Geologic formation in Germany

The Ville Formation is a geologic formation in Germany. It preserves fossils dating back to the Neogene period. Lignite of the Ville Formation is excavated in North Rhine-Westphalia.

==Description==
The Middle Miocene Hambach 6C site located within the Ville Formation is believed to have been deposited in an estuarine setting in a large fluviatile system with extended coal swamps surrounding it, as supported by sedimentological and palaeobotanical evidence.
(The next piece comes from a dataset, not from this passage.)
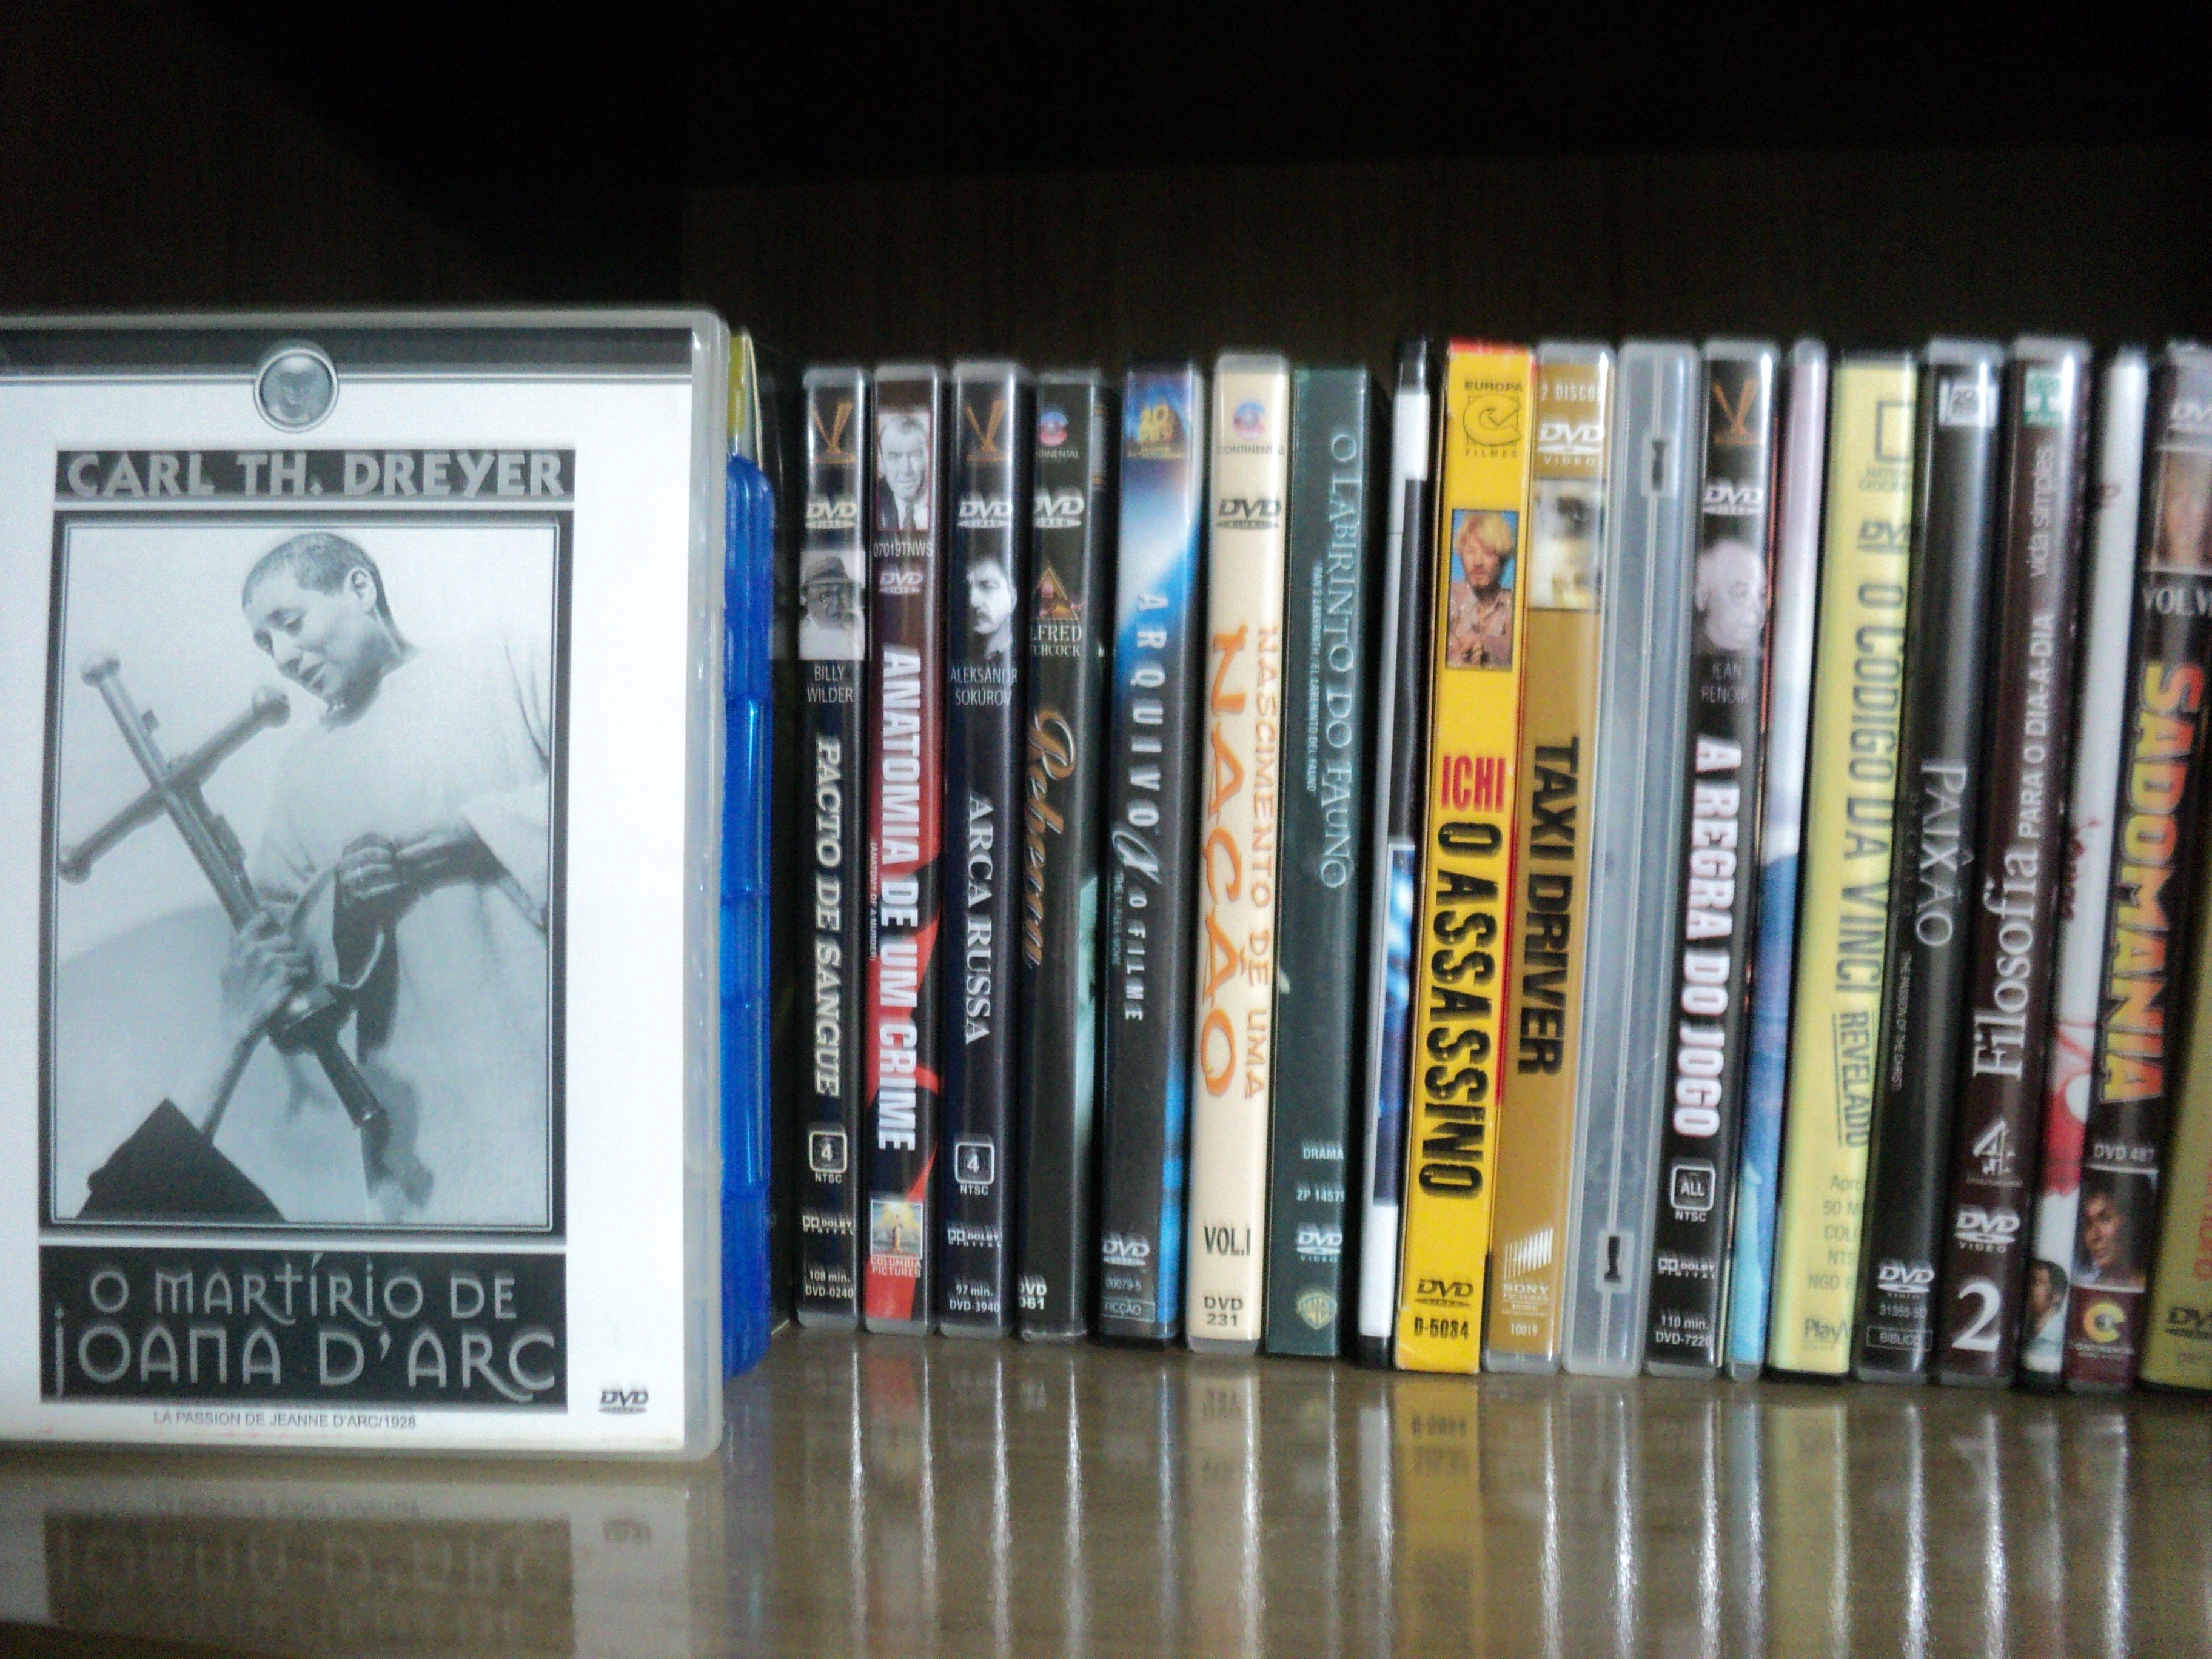 A DAMA DE VERMELHO - Gene Wilder - Kelly brook - DVD

Many tetrapod remains found in the Ville Formation are associated with tropical elements such as primates, chameleons and carettochelyine turtles, suggesting the age of the fauna to be at approximately 15.5 Ma during the Middle Miocene Climate Transition. The paleoflora of the formation also supports a tropical-like climate at the time of deposition.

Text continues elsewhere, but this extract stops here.